* _YOUR GOAL_
Skipping all pictures, print exactly the lines below from the one with "Product Image 2 - Black Skirt" through the final line.
### DATASET EXCERPT
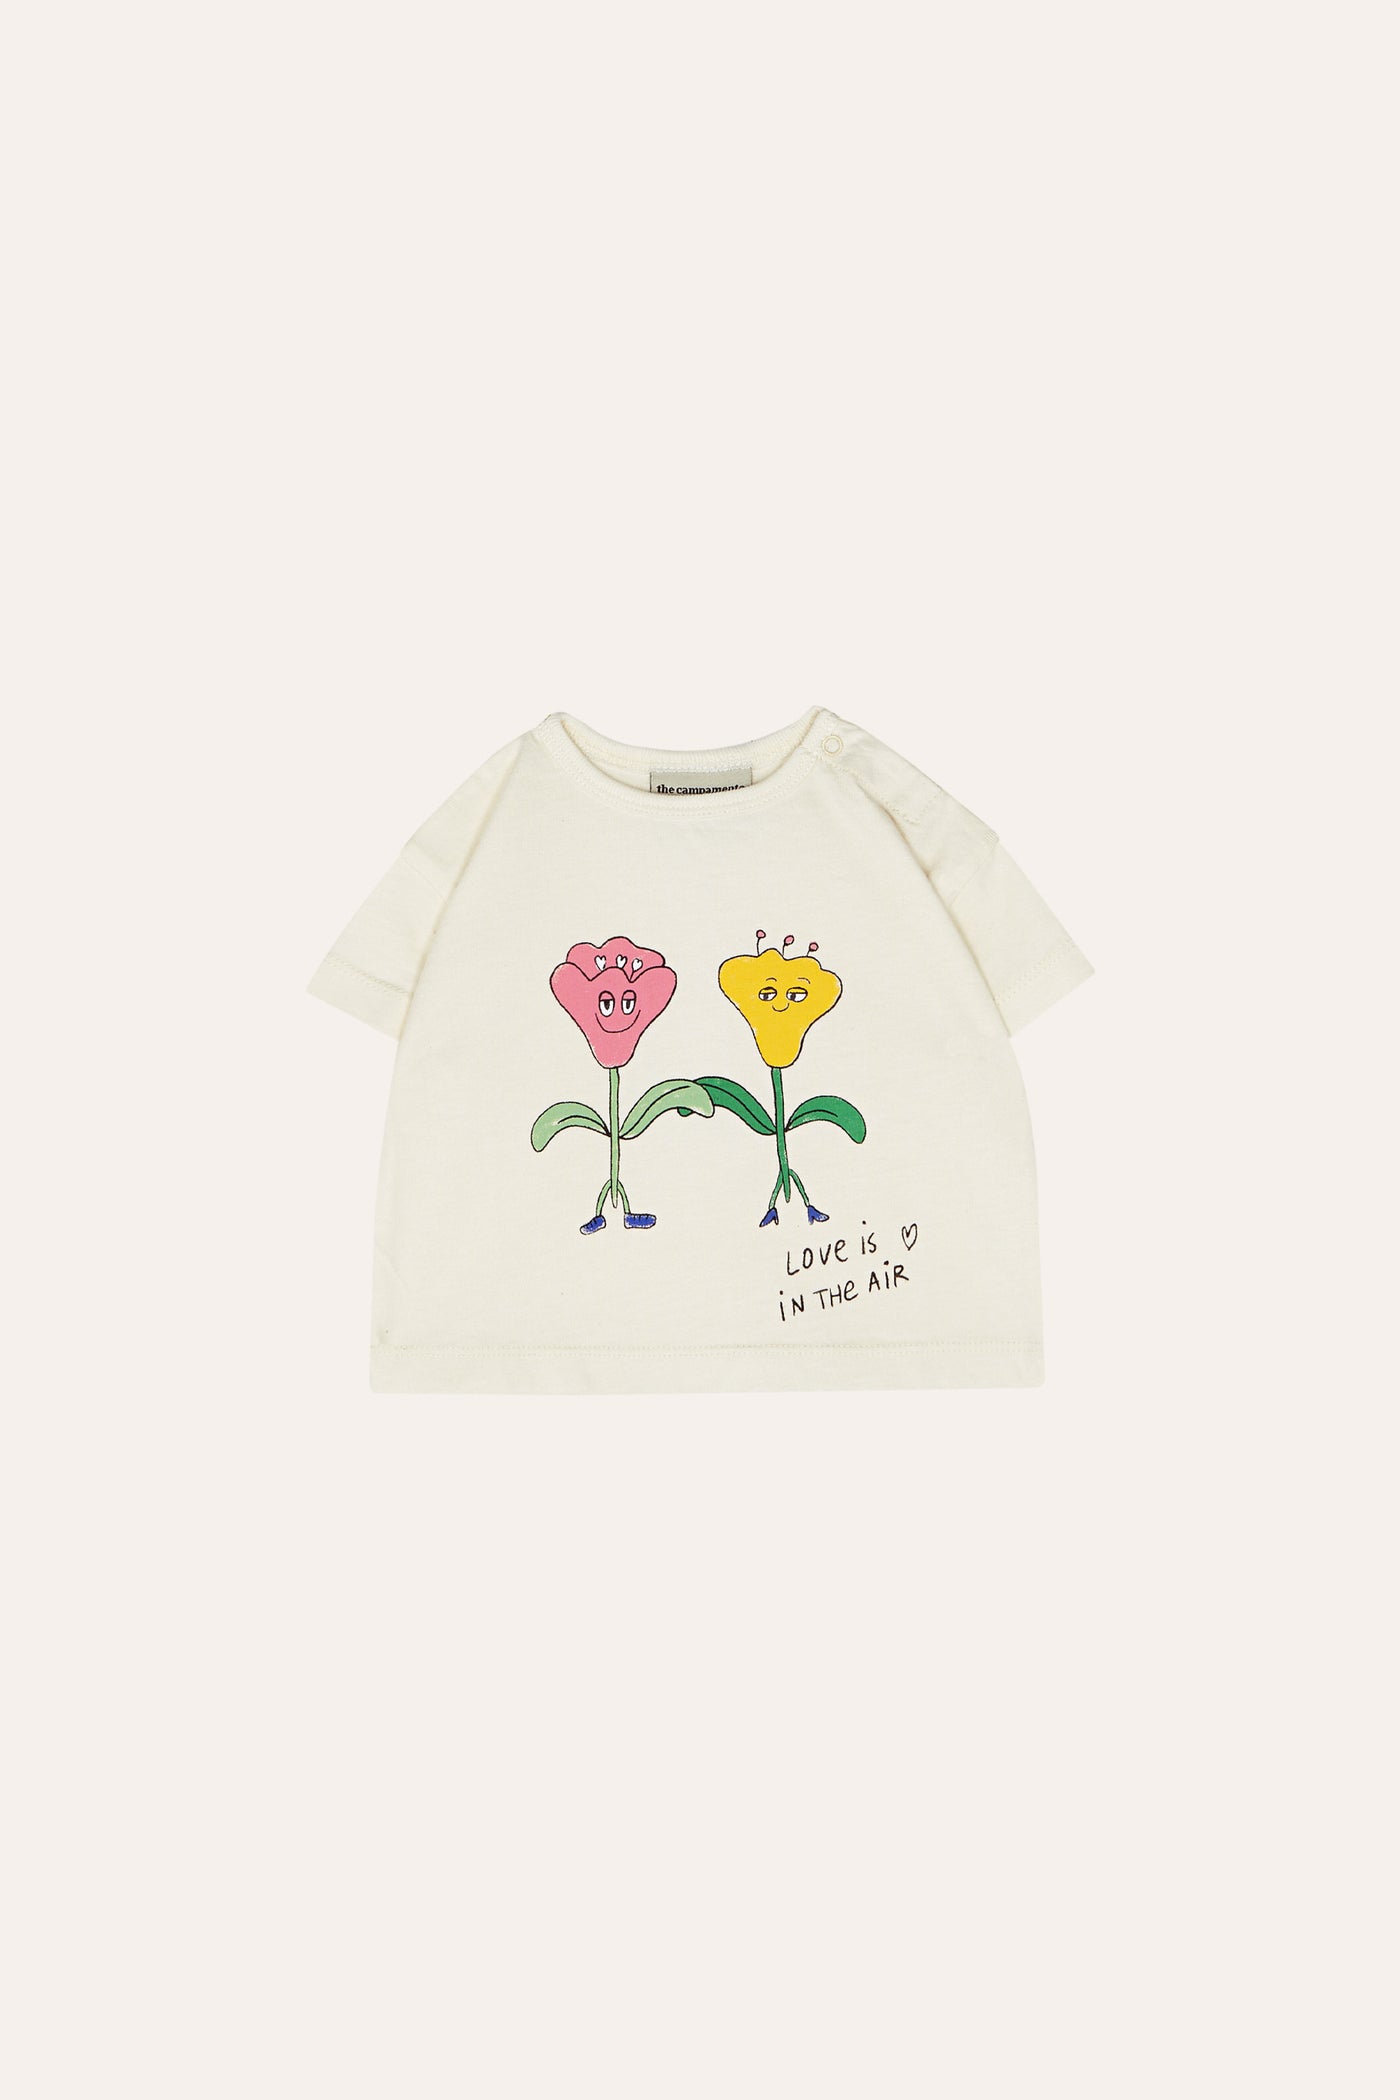 The Campamento Love is in the Air Baby T-shirt
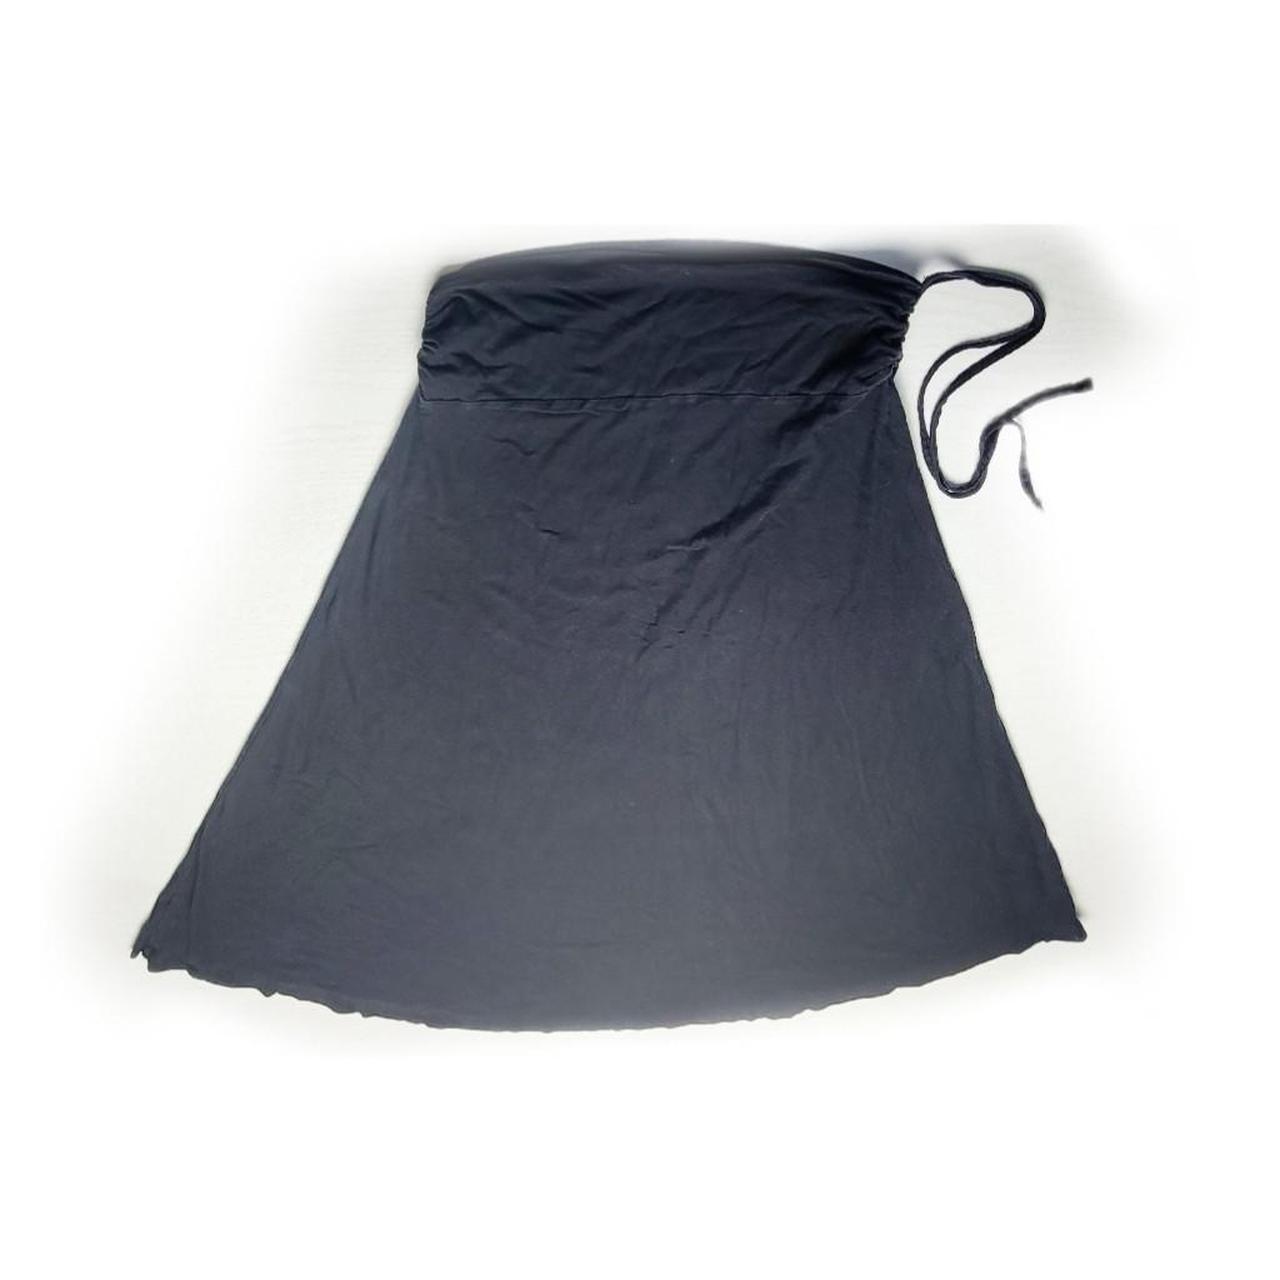 Product Image 2 - Black Skirt

Comfortable and stretchy, the
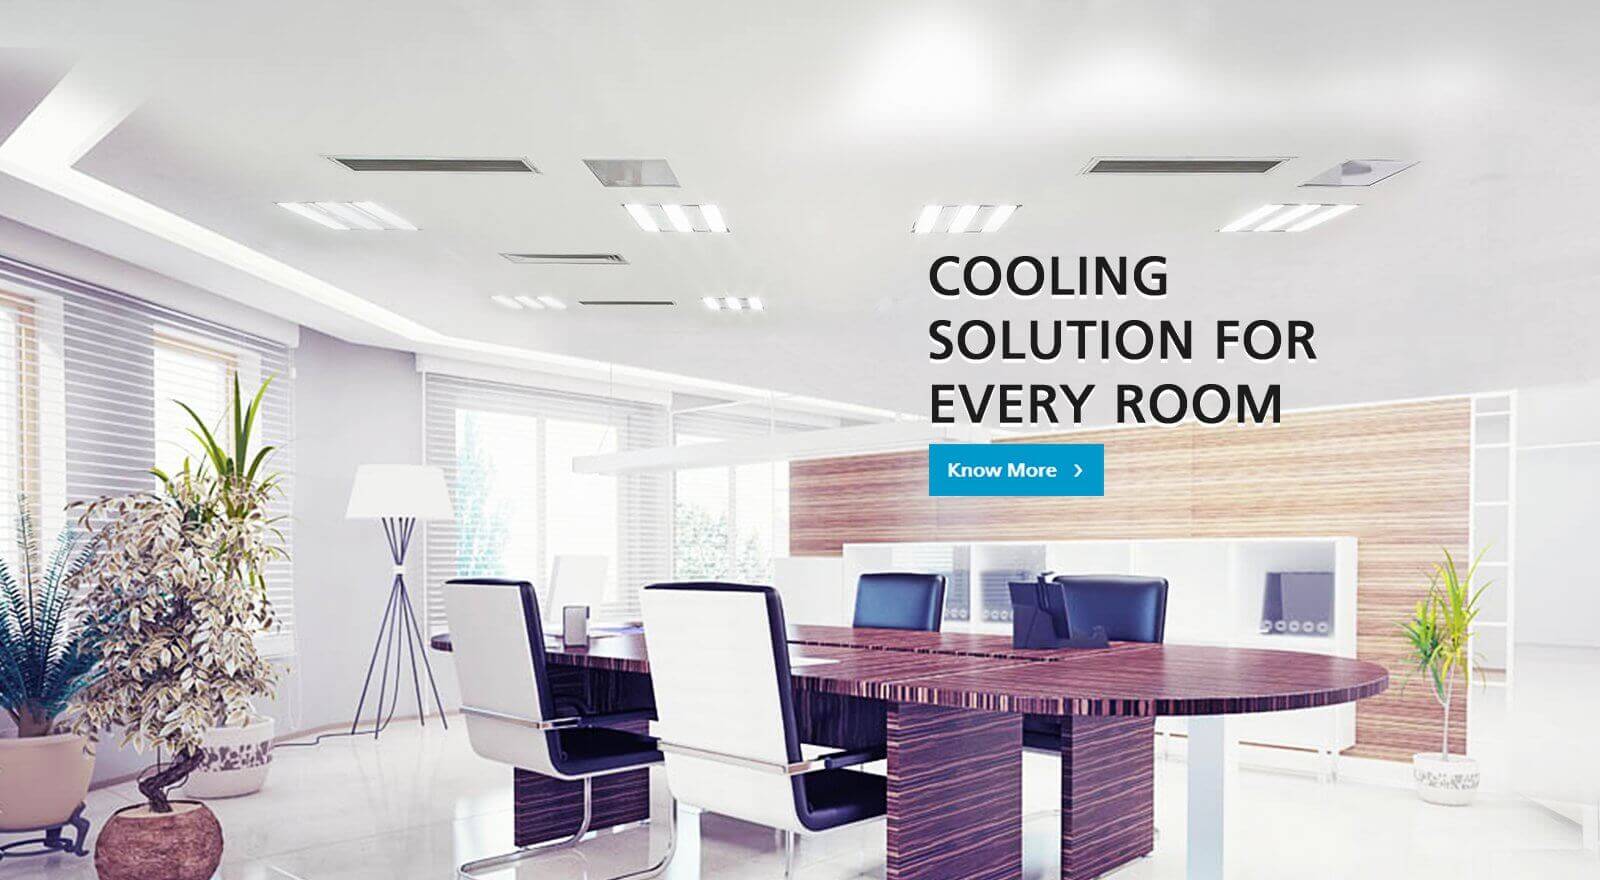 Cooling Solution for every room
######
* _RESULT OF THE EXERCISE_
 Product Image 2 - Black Skirt

Comfortable and stretchy, the
 Cooling Solution for every room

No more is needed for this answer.